Education
- Education: University of Toronto (BA & MA) University of Pennsylvania (PhD)
- Thesis: Democratic Institutions and the Governance of Foreign Security Policy: Peacemaking after Two World Wars (1997);
- Academic advisors: John Ikenberry, Daniel Deudney, Marc Trachtenberg

Philosophical work
- Era: 21st century
- School: Neoclassical realism
- Institutions: Lehigh University
- Language: Full research ability in English and French
- Main interests: national security; international security; international relations theory; foreign policy analysis;
- Notable works: Neoclassical Realism, the State, and Foreign Policy (2009); Neoclassical Realist Theory of International Politics (2016);
- Notable ideas: theory of structural autonomy (2002)

= Norrin M. Ripsman =

Canadian political scientist

Norrin M. Ripsman is a Canadian political scientist whose research mainly examines security, regional peacemaking, and neoclassical realism. Before 2016, he taught at Concordia University, Quebec, Canada. Since 2016, he has been Monroe J. Rathbone Professor in the International Relations Department at Lehigh University, Pennsylvania, US.

== Biography ==

=== Education ===
Ripsman earned a bachelor's degree and a master's degree in Political science from University of Toronto in 1989 and 1990 and received his PhD in Political Science at the University of Pennsylvania in 1997.

=== Academic career ===
From 1998 to 1999, he was a Postdoctoral Fellow at Mershon Center for International Security, Ohio State University. From 1999 to 2001, Ripsman worked at Department of Political Science, Dalhousie University as a visiting assistant professor.
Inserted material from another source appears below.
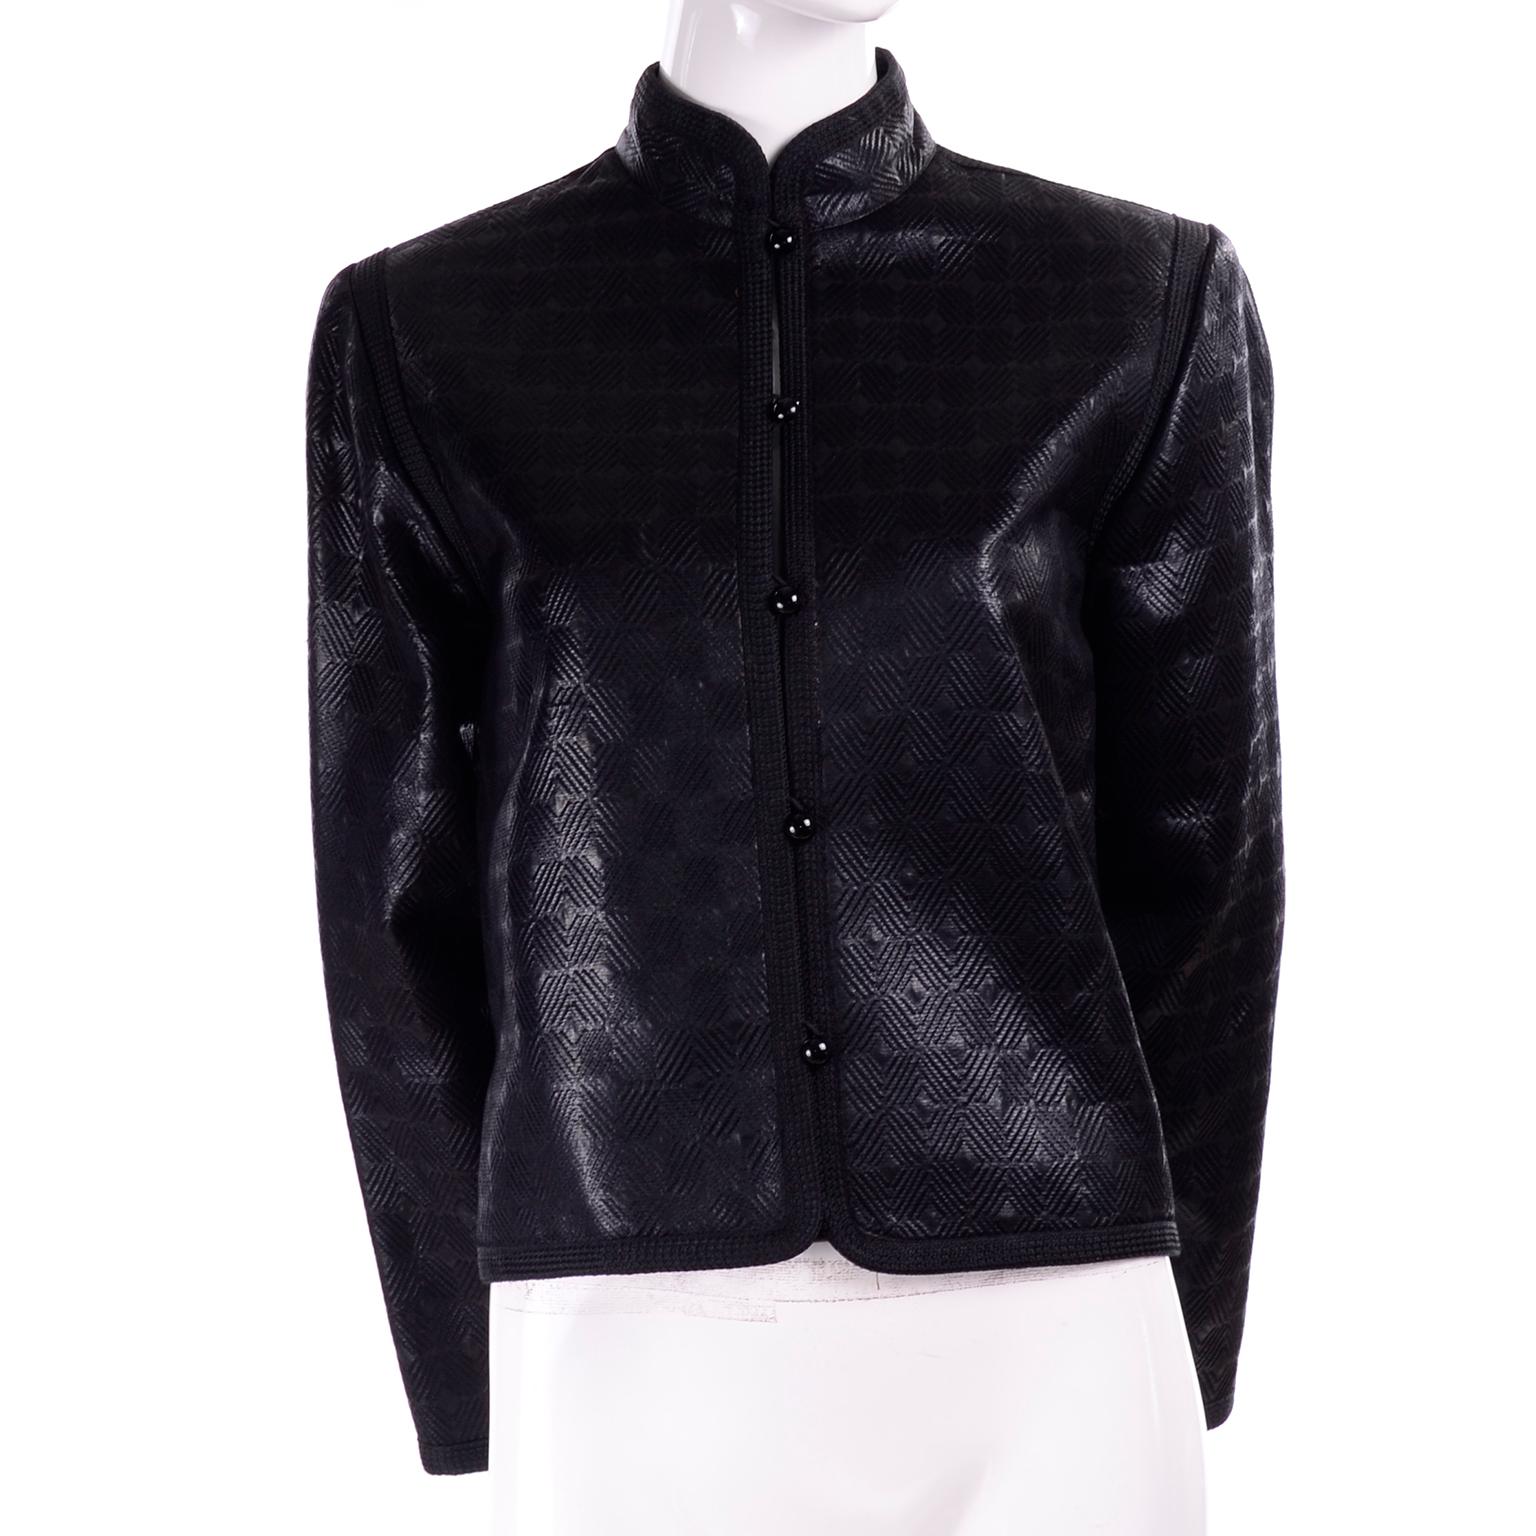 1970s Yves Saint Laurent Black Textured Russian Inspired Jacket W/ Red Lining (Schwarz)

From 2000 to 2016, Ripsman worked at Department of Political Science, Concordia University as an assistant professor (2000–4), associate professor (2004–10) and professor (2010–16). During this 16-year period, he was a research fellow of International Security Program at Harvard Kennedy School of Government (2011) and a visiting scholar at University of Melbourne (2006–7) and Northern Illinois University (2012–13).

== Theoretical contribution to neoclassical realism ==

Ripsman co-edited/co-authored Neoclassical Realism, the State, and Foreign Policy (2009) and Neoclassical Realist Theory of International Politics (2016), which develop neoclassical realist theory in international relations, with Jeffrey W. Taliaferro and Steven E. Lobell.

Ripsman wrote an entry entitled Neoclassical Realism for the Oxford Research Encyclopedia of International Studies in 2011.

==Publications==
===Monographs===
- Peacemaking from Above, Peace from Below: States, Societies, and Peacemaking Between Regional Rivals (Cornell University Press, 2016)
- Peacemaking by Democracies: The Effect of State Autonomy on the Post-World-War Settlements (Penn State University Press, 2002)

=== Co-authored books ===
- Neoclassical Realist Theory of International Politics (Oxford University Press, 2016)
- Economic Statecraft and Foreign Policy (Routledge, 2013)
- Globalization and the National Security State (Oxford University Press, 2010)

=== Edited volumes ===
- The Political Economy of Regional Peacemaking (University of Michigan Press, 2016)
- The Challenge of Grand Strategy (Cambridge University Press, 2012)
- Neoclassical Realism, the State, and Foreign Policy (Cambridge University Press, 2009)
- Power and the Purse: Economic Statecraft, Interdependence, and International Conflict (Frank Cass, 2000).

===Selected articles===
Ripsman has published peer-reviewed articles in International Security, International Studies Quarterly, Security Studies, Millennium: A Journal of International Studies, International Interactions, International Studies Review, Geopolitics, International Journal, and The Canadian Journal of Political Science.